On the dusty planes of Nepal under the shadow of Mount Everest small communities of farmers struggle to survive off the land. They live precarious lives with basic living conditions, little education, and minimal healthcare. In addition to these hardships, an illness of biblical shame stalks the weak and vulnerable. This is leprosy, a disease that remains a huge global health issue.
The bacillus, Mycobacterium leprae, causes leprosy. It multiplies slowly in the human host, often resulting in a prolonged incubation period of five years or more. The chronic granulating infection affects the skin, peripheral nerves and eyes.

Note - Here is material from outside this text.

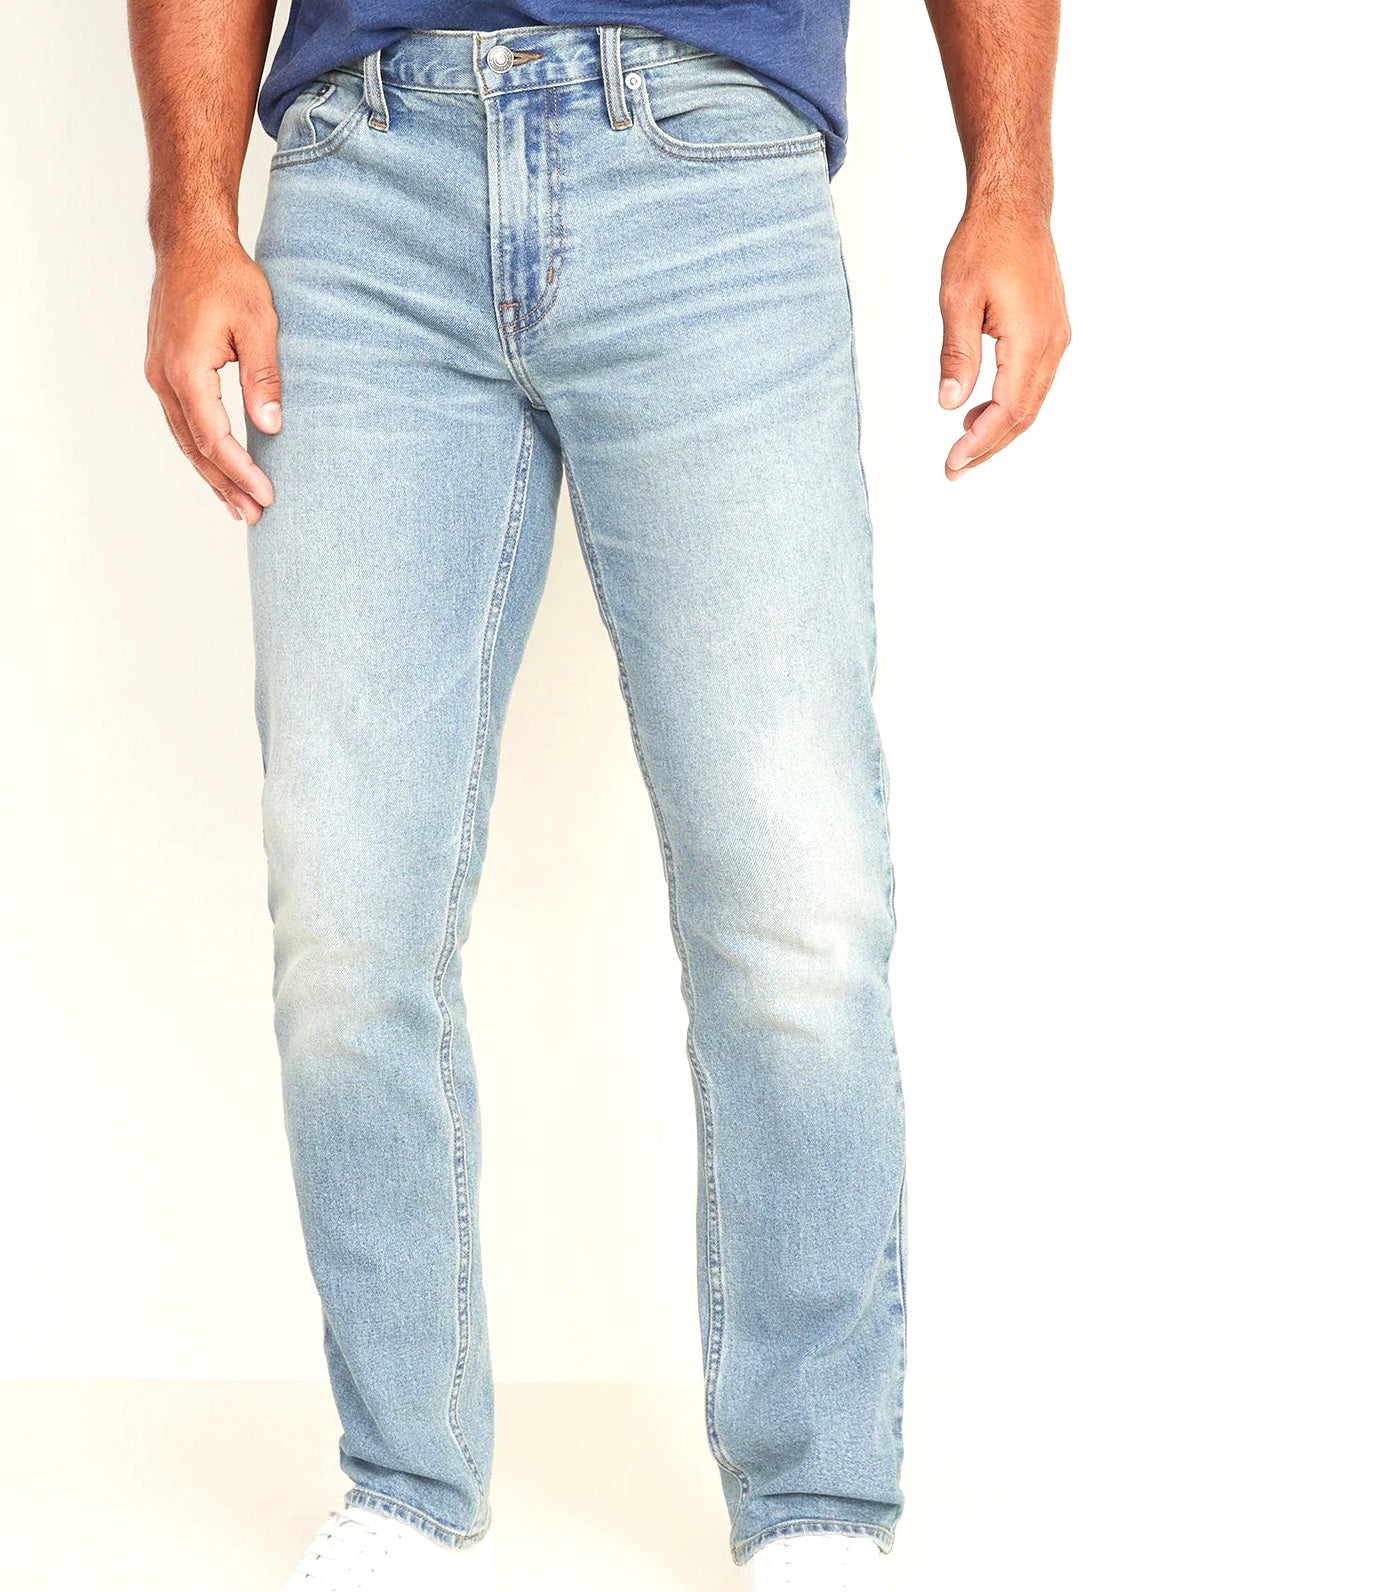 Straight Built-In Flex Jeans for Men Light Wash

Unlike polio, it causes both muscle paralysis and sensory loss. The combination of paralysis and insensate limbs means that recurrent trauma and infection lead to ulceration and erosion of hands and feet. Loss of sensation and paralysis of eyelids causes blindness. De-pigmented skin patches, deformed limbs and a collapsed nose and coarsened features leave onlookers in no doubt about the diagnosis.

Along with their functional consequences, these stigmata of disease cause considerable distress and prejudice. Families can go to great lengths to hide afflicted relatives from public view.
Leprosy is easily treatable
The treatment for leprosy has been freely available from the WHO for many years. Multidrug therapy renders a patient no longer infective within a month and continues for 6 to 12 months for full treatment. However, established sensory loss and paralysis cannot be reversed.
It is for these problems that physical therapy and surgery can help to restore form and function. For example, this might enable a farmer with a paralyzed hand to return to work or correct a child’s claw hand so that she can feed herself and marry in the future.